Retraumatization in the investigation of sexualized violence

  • Although the CoE Convention on the Protection of Children from Sexual Exploitation and Sexual Abuse has been ratified by the Russian Federation and partially implemented in the Code of Criminal Procedure, the norms are not clear enough and therefore ineffective.
  • An example is the case of B, an 11-year-old girl who experienced a series of episodes of sexualized violence. She was interrogated 23 times, and even after psychologists diagnosed PTSD and indicated that further interrogations were harmful to her mental health, the investigator, and then the judge, continued to insist on them. During the investigation, the girl was forced to come face to face with the rapists, and the lawyers of the accused asked traumatic questions to follow.
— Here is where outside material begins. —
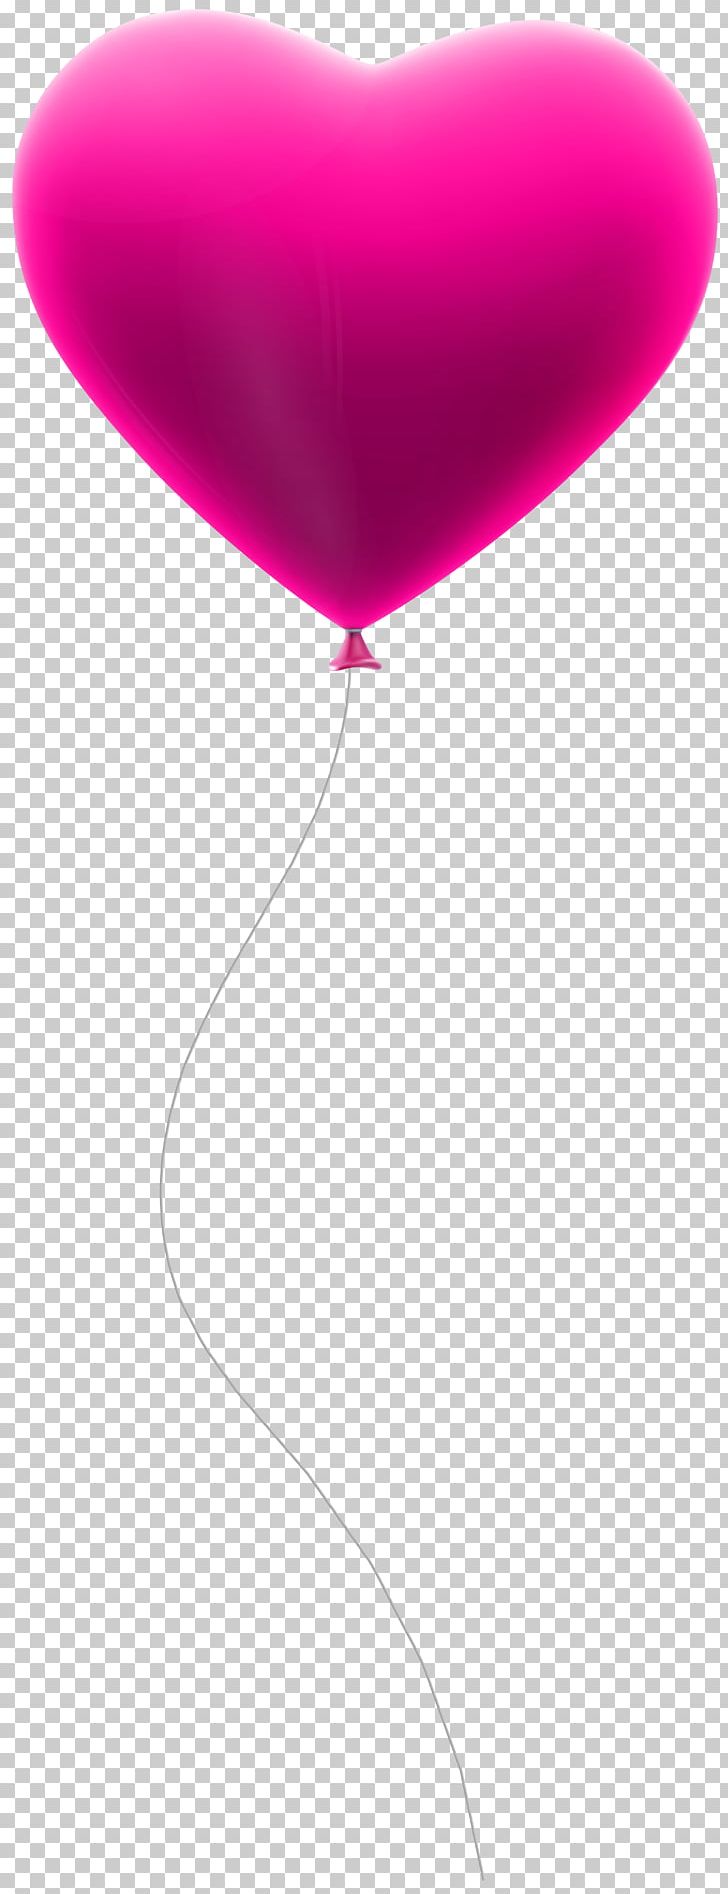 Heart Balloon Pink PNG, Clipart, Balloon, Heart, Love, Magenta, Objects Free PNG Download

In 2021, the case was communicated to the ECtHR.
  • Rape and infliction of minor bodily harm (incapacity for work up to 21 days) are crimes of private-public prosecution (ex officio) and are initiated only at the request of the victim. This results in the perpetrator or biased investigator putting pressure on victims to withdraw their complaints.

Female genital mutilation

  • In 2016, the Justice Initiative Project published a study on the practice of female genital mutilation in Russia based on field studies conducted in nine highland regions of Dagestan, where circumcision is mainly performed on girls under three years of age at home using common household implements such as knives or scissors. The report also revealed that the purpose of the procedure was to control female sexuality and behaviour.
  • In 2018, in Moscow, the Best Clinic medical center published a price list in which it offered the service of «female circumcision» to girls under 12 for religious reasons. The investigative committee conducted an inspection on the fact, but did not find the corpus delicti, indicating that at the time of the inspection of the premises of the clinic, repairs were being carried out, and the medical documentation provided voluntarily by the administration concerned plastic gynecological operations only for adult women.
  • In 2018, a second study was released, which indicated that the minimum number of female genital mutilation in Dagestan is estimated at 1240 girls per year.
  • In 2019, a criminal case was opened in Ingushetia for causing minor harm to the health of a 9-year-old girl, who had gone through female genital mutilation. The case is still pending in court, but the statute of limitations for holding the doctor accountable has expired. Russian legislation and the medical criteria for causing harm to health allow qualifying FGM only as minor harm to health, therefore, cases can only be initiated at the request of the injured party and terminated due to the statute of limitations 2 years after the events.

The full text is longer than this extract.